Given data Start Marker

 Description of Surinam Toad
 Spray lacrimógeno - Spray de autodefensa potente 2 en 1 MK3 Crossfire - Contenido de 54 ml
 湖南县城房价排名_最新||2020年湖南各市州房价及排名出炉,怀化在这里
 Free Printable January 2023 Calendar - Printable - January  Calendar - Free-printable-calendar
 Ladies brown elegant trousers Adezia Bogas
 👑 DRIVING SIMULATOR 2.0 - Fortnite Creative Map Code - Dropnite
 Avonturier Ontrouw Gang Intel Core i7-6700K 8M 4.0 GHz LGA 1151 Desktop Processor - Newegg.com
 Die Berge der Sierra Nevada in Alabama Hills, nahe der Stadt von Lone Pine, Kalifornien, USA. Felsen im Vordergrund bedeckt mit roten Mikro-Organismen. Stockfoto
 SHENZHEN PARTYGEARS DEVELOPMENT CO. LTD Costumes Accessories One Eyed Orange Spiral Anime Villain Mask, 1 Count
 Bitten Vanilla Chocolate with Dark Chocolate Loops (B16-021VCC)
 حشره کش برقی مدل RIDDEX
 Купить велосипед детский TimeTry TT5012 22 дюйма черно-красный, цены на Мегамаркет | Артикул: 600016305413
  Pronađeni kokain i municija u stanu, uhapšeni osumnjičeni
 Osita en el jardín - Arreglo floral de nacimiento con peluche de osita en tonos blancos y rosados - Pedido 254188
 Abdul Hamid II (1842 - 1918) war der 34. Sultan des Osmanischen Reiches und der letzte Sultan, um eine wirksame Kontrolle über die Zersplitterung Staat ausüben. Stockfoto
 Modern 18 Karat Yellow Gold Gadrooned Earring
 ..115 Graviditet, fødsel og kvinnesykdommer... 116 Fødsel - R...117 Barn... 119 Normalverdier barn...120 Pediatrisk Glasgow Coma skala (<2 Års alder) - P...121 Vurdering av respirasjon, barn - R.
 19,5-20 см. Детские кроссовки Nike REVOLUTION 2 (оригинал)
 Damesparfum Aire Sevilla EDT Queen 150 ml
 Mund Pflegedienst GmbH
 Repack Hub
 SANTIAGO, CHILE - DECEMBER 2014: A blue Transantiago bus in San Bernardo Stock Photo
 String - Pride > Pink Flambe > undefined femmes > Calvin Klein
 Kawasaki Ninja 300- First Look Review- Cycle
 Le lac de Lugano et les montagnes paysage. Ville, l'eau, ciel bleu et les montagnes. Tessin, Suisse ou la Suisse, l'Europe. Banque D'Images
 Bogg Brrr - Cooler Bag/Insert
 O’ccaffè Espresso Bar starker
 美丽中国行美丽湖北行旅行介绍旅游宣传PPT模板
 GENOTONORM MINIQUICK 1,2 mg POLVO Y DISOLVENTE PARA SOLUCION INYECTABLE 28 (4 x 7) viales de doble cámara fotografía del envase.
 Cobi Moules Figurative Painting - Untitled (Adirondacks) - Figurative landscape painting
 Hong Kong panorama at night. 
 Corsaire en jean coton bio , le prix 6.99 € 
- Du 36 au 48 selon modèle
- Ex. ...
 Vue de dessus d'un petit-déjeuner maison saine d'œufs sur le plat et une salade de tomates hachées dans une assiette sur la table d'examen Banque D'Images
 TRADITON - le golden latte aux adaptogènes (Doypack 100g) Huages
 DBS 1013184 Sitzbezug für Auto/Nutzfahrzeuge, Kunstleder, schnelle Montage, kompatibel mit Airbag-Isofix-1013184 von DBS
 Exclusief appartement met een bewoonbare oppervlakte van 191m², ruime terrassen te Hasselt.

Given data End Marker

= Task item =
Among the entries above, find the line with "Osita en el" and the line with "respirasjon, barn - R."; give again exactly these two lines and all lines between them.

= Output =
 Osita en el jardín - Arreglo floral de nacimiento con peluche de osita en tonos blancos y rosados - Pedido 254188
 Abdul Hamid II (1842 - 1918) war der 34. Sultan des Osmanischen Reiches und der letzte Sultan, um eine wirksame Kontrolle über die Zersplitterung Staat ausüben. Stockfoto
 Modern 18 Karat Yellow Gold Gadrooned Earring
 ..115 Graviditet, fødsel og kvinnesykdommer... 116 Fødsel - R...117 Barn... 119 Normalverdier barn...120 Pediatrisk Glasgow Coma skala (<2 Års alder) - P...121 Vurdering av respirasjon, barn - R.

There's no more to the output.